Data to process.
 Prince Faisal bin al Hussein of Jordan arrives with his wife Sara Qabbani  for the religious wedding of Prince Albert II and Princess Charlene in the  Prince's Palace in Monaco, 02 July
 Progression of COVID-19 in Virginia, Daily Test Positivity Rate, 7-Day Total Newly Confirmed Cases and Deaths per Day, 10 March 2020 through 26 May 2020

...

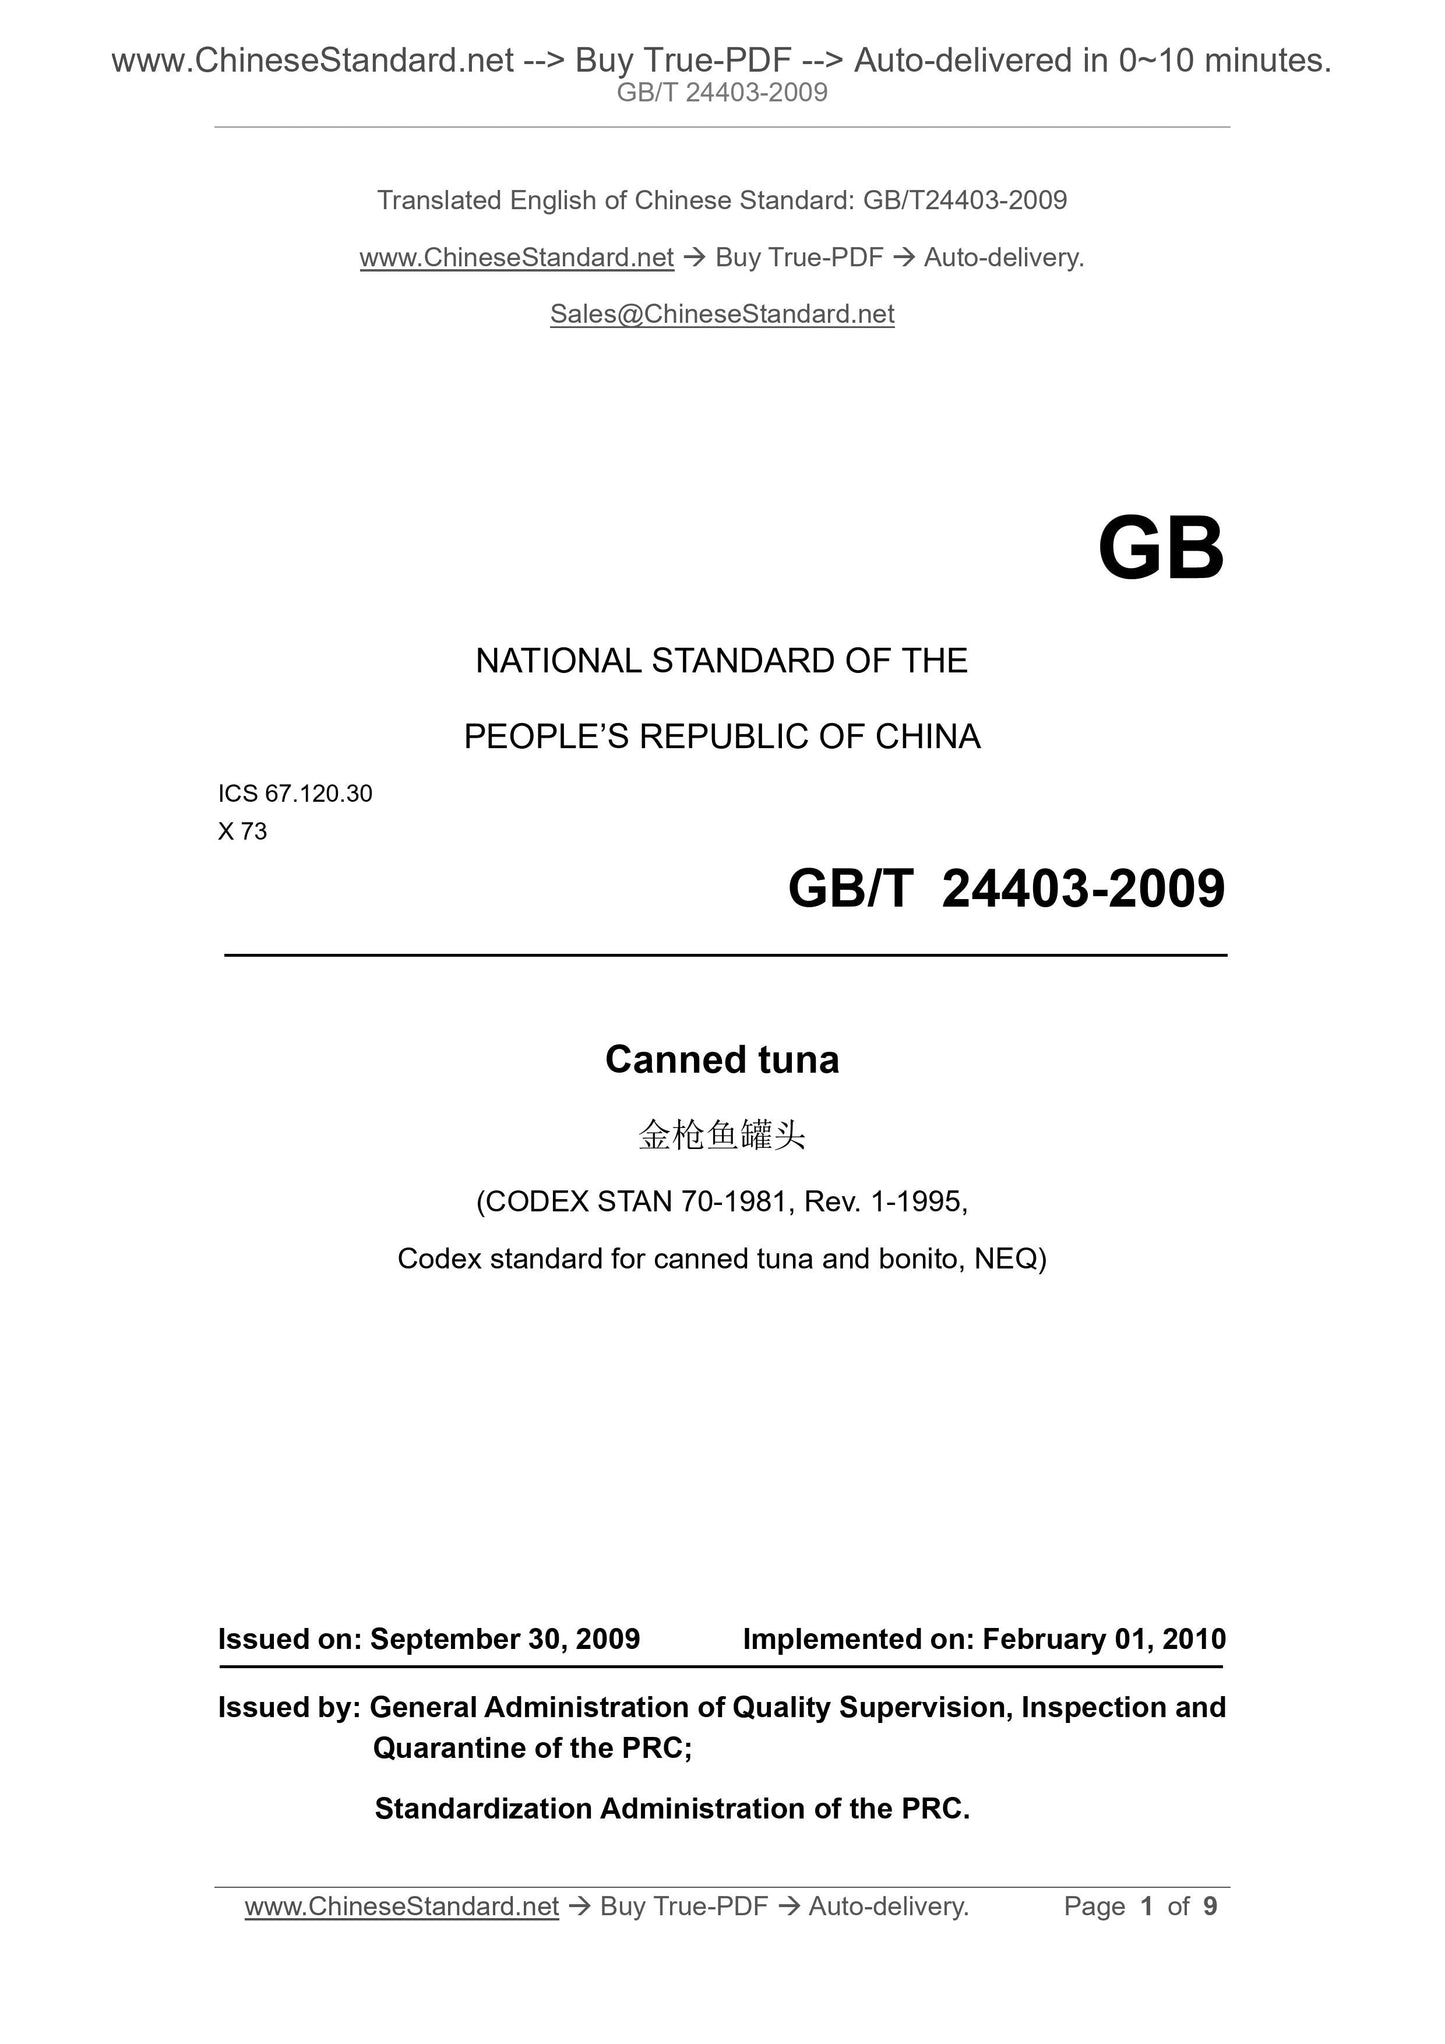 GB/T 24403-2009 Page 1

* * *

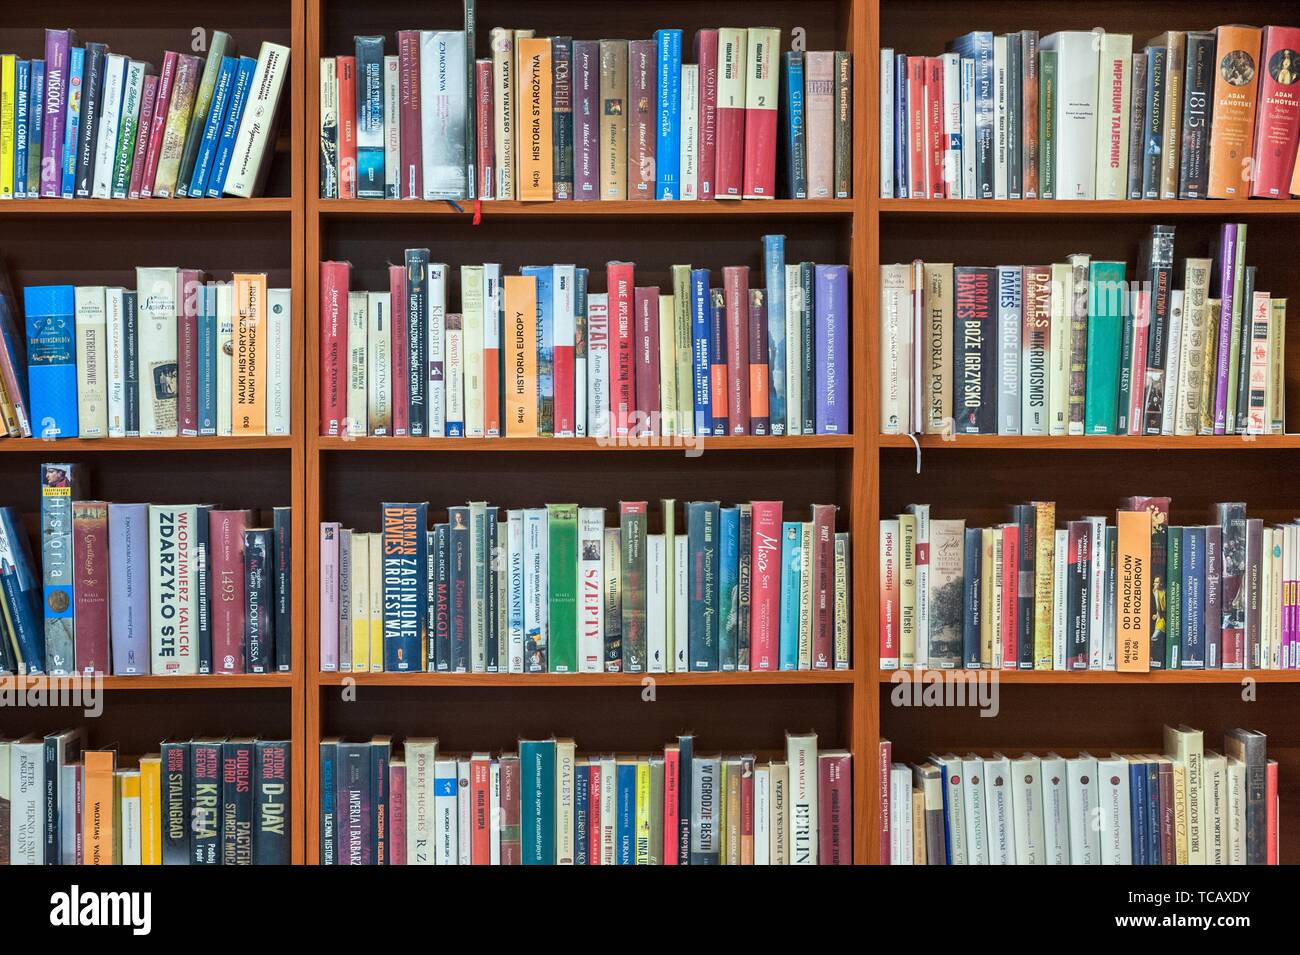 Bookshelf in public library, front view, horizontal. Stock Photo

What you will do.
Your task is to transcribe, with no changes, only the lines of the listing above that lie between the line holding "Prince Faisal bin" and the line holding "Progression of COVID-19", inclusive.

Solution to this task.
 Prince Faisal bin al Hussein of Jordan arrives with his wife Sara Qabbani  for the religious wedding of Prince Albert II and Princess Charlene in the  Prince's Palace in Monaco, 02 July
 Progression of COVID-19 in Virginia, Daily Test Positivity Rate, 7-Day Total Newly Confirmed Cases and Deaths per Day, 10 March 2020 through 26 May 2020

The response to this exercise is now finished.